Identifying D4T Resistance

Brendan Larder from Virco reported here that he has developed a computer system model for identifying d4T resistance. Previously, it has been widely recognized that d4T resistance was very difficult to characterize and identify. Here is his abstract.

The complexity and diversity of HIV drug resistance mutation patterns makes it difficult to interpret genotypic testing results. This is especially in the case for d4T resistance, where associating specific mutations to phenotypic resistance remains a challenge. We present a systematic method to investigate the relationship between mutation patterns and corresponding phenotypic resistance using neural networks. In this study, three neural network models were developed to investigate how mutation patterns influence d4T resistance.

One model was based on the 9 RT mutations listed in the Stanford sequence database associated with d4T resistance (62V, 69D, 69N, 69SXX, 75I, 75T, 116Y and 151M). The other were based on adding either 17 or 51 extra RT mutations present at relatively high frequency in d4T resistance samples in our relational database. To train and test these neural network models, we used a total of 2286 samples, 188 of which were randomly selected as a test data set.

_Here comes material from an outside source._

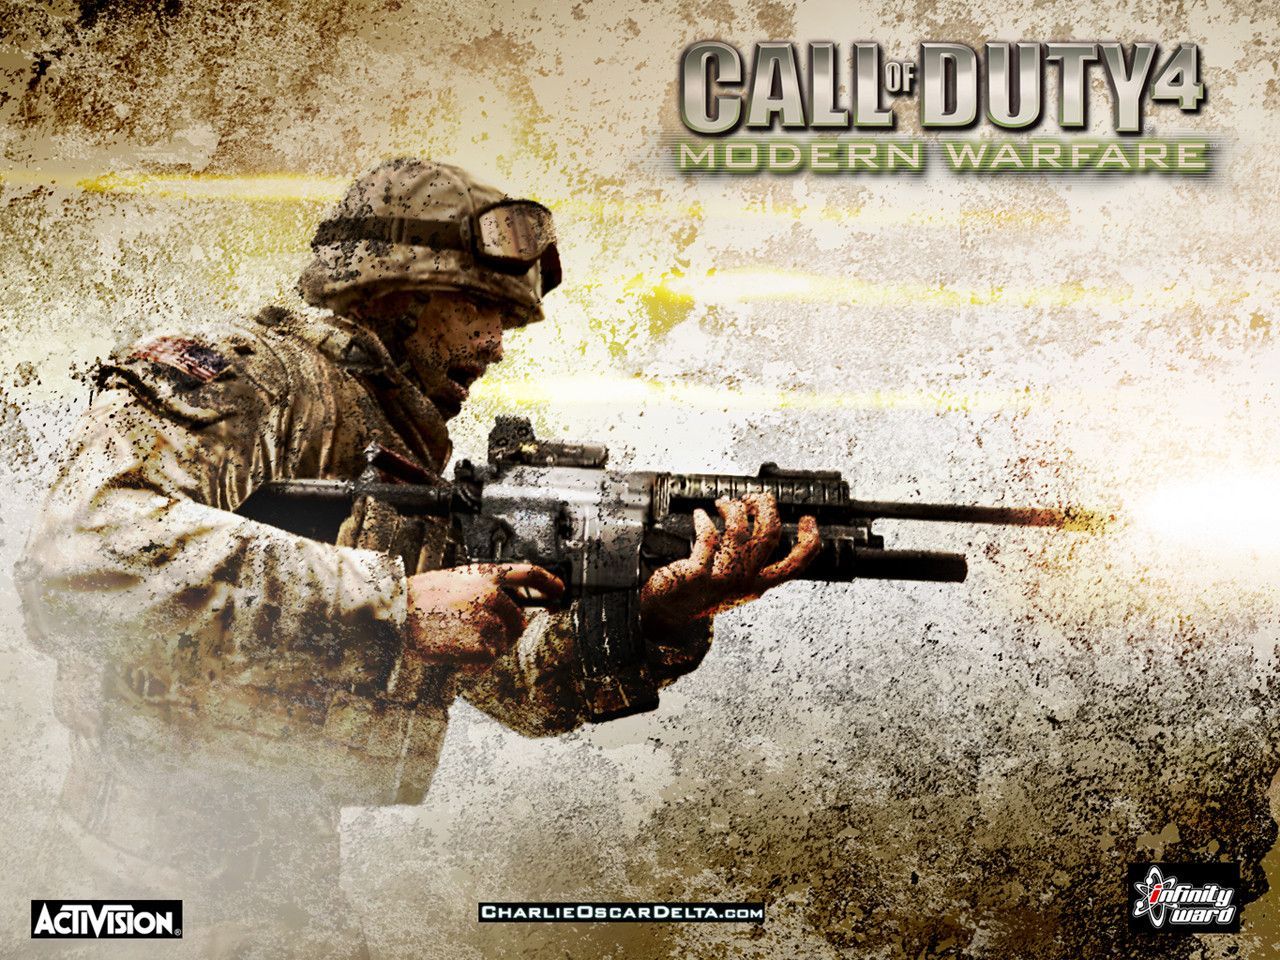 CoD4 Central CoD4 Wallpapers Call of Duty 4 Remaster

An optimal solution for each of the models was obtained using the same training and testing data sets.

The results demonstrated that the 9-mutation model gave a low resistance prediction rate (46%) using the independent test data set and in fact it was even difficult to obtain reasonable concordance in the training set (42%). However, the 26- and 60- mutation models could be well trained and also provided a higher prediction rate (65% and 68%, respectively) for resistance (defined as > 3-fold increase relative to a sensitive control) using the test data set. In order to discover which mutations had contributed to this improved prediction, discordant samples from the 9-mutation model were identified and the corresponding genotypes were analysed.

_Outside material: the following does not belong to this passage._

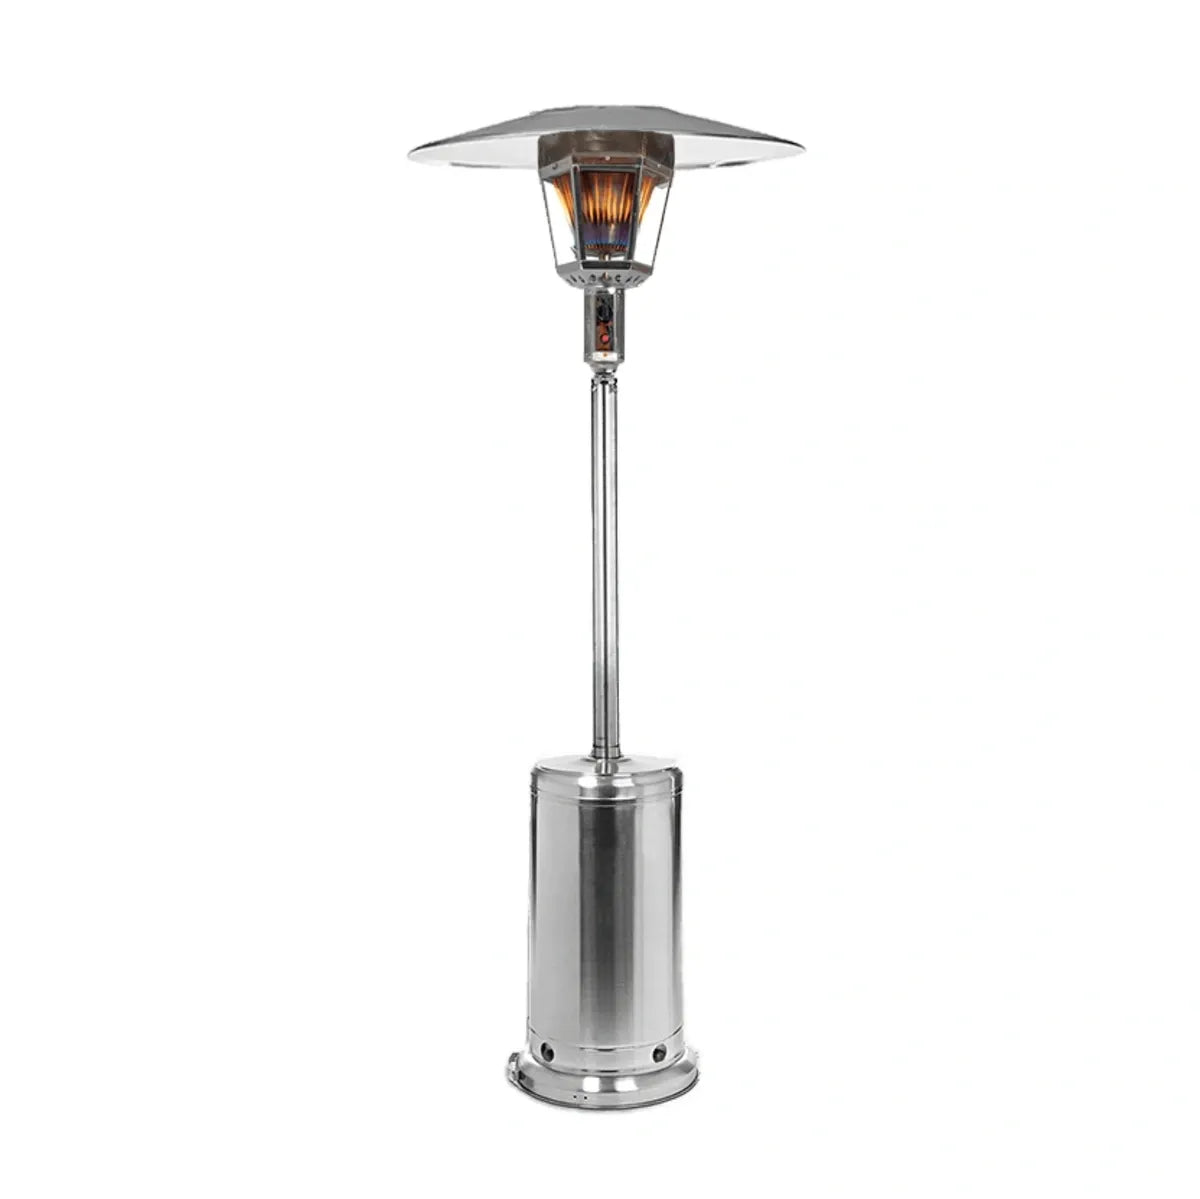 Radtec 96" Real Flame Natural Gas Patio Heater - Stainless Steel Finish (40,000 BTU) 96-NTR-GAS-SS

In total, 15 additional mutations occurred in at least 30% of these samples, including 41L, 67N, 118I, 210W, 211K, 214F and 215Y. A number of these mutations had already been included in the 26- and 60-mutation models. In conclusion, these results show that at least 26 RT mutations may play a role in d4T resistance, including AZT resistance mutations. Refinement of these models should further enhance our understanding of the genetic basis of d4T phenotypic resistance.